Traditional approaches of managing security through checklists, rules, and compliance can't keep up with the increasing malware volumes and propagation rates we are seeing today. A case in point is several recent "Threat Reports" detailing the severity of the modern threat landscape where:
- A total of approximately 1.81 million website redirect events were used in 2013 to infect endpoints. (Websense Threat Report 2014, registration required)
- Known malware -- including Ransomware and rootkits -- grew about 15%, totaling approximately 196 million unique samples (McAfee Threat Report Fourth Quarter 2013)
- Application vulnerabilities are about 175% higher than operating system (OS) and browser vulnerabilities combined (Microsoft Security Intelligence Report Volume 15).
With the rapid proliferation of mobile technology, traditional personal computing devices today represent a much smaller share of endpoint devices than in the past.

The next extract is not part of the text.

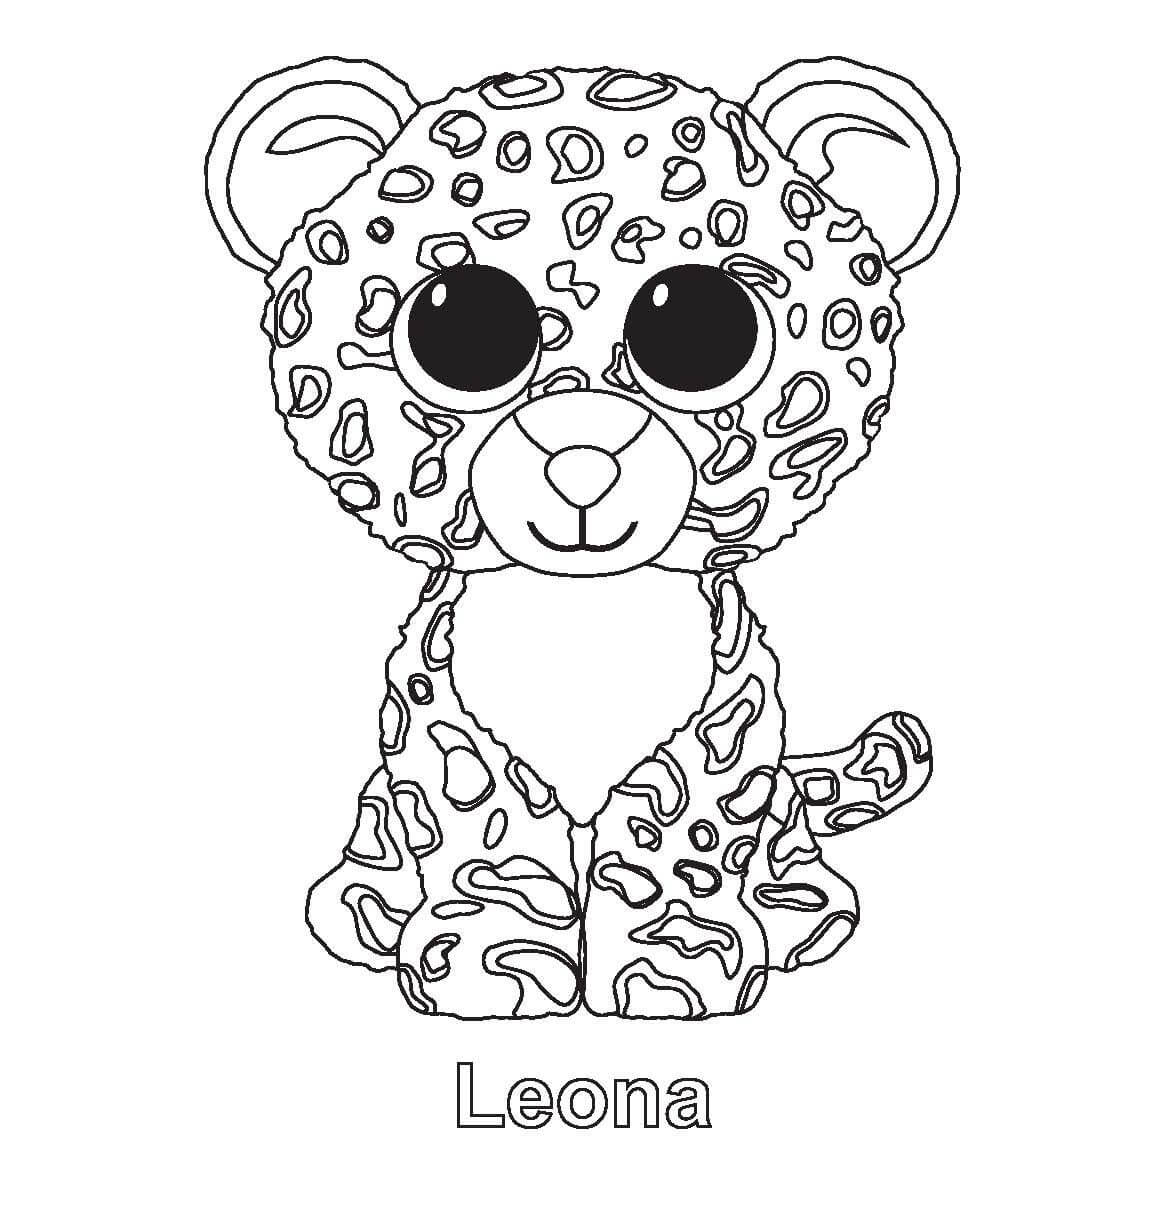 Leona - Beanie Boo Coloring Pages

In the report "Enterprise Endpoint Protection When the Consumer Is King" (subscription required), Gartner indicates that, even though traditional personal computing devices like laptops and desktops represent a smaller share of endpoint devices used, they still represent the most infected and require the most effort to secure. Additionally, due to our continued use of traditional signature-based or blacklisting technologies, these devices remain the primary target for cyberattacks.
A game of cat and mouse
At a high level, the four primary goals of almost all cyberattacks are to target a vulnerability, drop payload, remain undetected, and harvest data. But today, it's not feasible to continue playing "cat and mouse" with cyber criminals when they have invested significant effort in understanding our blacklisting technologies' weaknesses, strengths, and even how they handle different attacks patterns. With this knowledge, cyber criminals are able to wreak havoc by:
- Developing attacks that have limited distribution and are intended for targeted individuals/organizations
- Circulating attacks quickly to guarantee blind spots in blacklisting technologies can be exploited
- Creating noise to divert the security team's attention and increase the possibility of an attack going unnoticed.
As the ineffectiveness of blacklisting creates greater opportunities for attacks, we as security professionals must re-evaluate whether continuing to model our methodologies on the principle of constant "known-bad" protection is working. More important, as our IT infrastructure expands further to accommodate mobile computing platforms, desktop virtualization and cloud, we must work towards implementing security controls that are based on dynamic "known-good" protection.
To do this, we have to turn our attention to the security strategies that reduce our attack surface(s) through deny by default application control mechanisms and vulnerability management.
Consider all of the security controls we deploy to traditional personal computing devices -- anti-virus, intrusion prevention, data loss prevention, etc. These are just a few of the security technologies that contribute -- in varying degrees of effectiveness -- to endpoint protection. However, to maintain acceptable risk levels in the face of increasing threats and evolving technologies, we must change our outlook and approach to an endpoint protection strategy with a risk-based perspective.
There are many technologies that contribute to reducing the attack surface of traditional personal computing devices. Historically, our industry has followed blacklisting security models that define what should be restricted and implicitly allows everything else but this is proving to be ineffective due to declining detection rates.
Look on the bright side
With a risk-based approach, instead of managing threats through specific technology functionalities, we manage the attack surface with the goal of reducing a much larger number of threats without getting into specifics. In 2010, for example, when the Australian Signals Directorate adopted a risk-based approach to mitigate targeted cyber intrusions, it found that no single security control prevents malicious activity, but a combination of specific "positive security" strategies proved to be 85% effective in mitigating intrusions.
A risk-based or positive security methodology will also result in demonstrable business benefits with respect to traditional personal computing devices by:
- Displacing security controls (such as antivirus) that have become ineffective and/or contribute little value to the overall endpoint protection
- Improving overall endpoint performance by eliminating (blacklist) signature databases that consume significant network and system resources
- Reducing the strain on supporting infrastructure(s) for deploying (blacklisting) signature updates across remote locations
- Enhancing operational efficiencies by lessening the work effort required to reactively maintain security technologies.
By changing our endpoint protection strategy to follow positive security models, we align with proven industry practices of least-privilege, or deny-by-default, and we position ourselves as attack-agnostic where we can be more relaxed when it comes to attack-signature deployment. In an environment where threats are a constantly moving target, this approach is a far more effective endpoint protection strategy.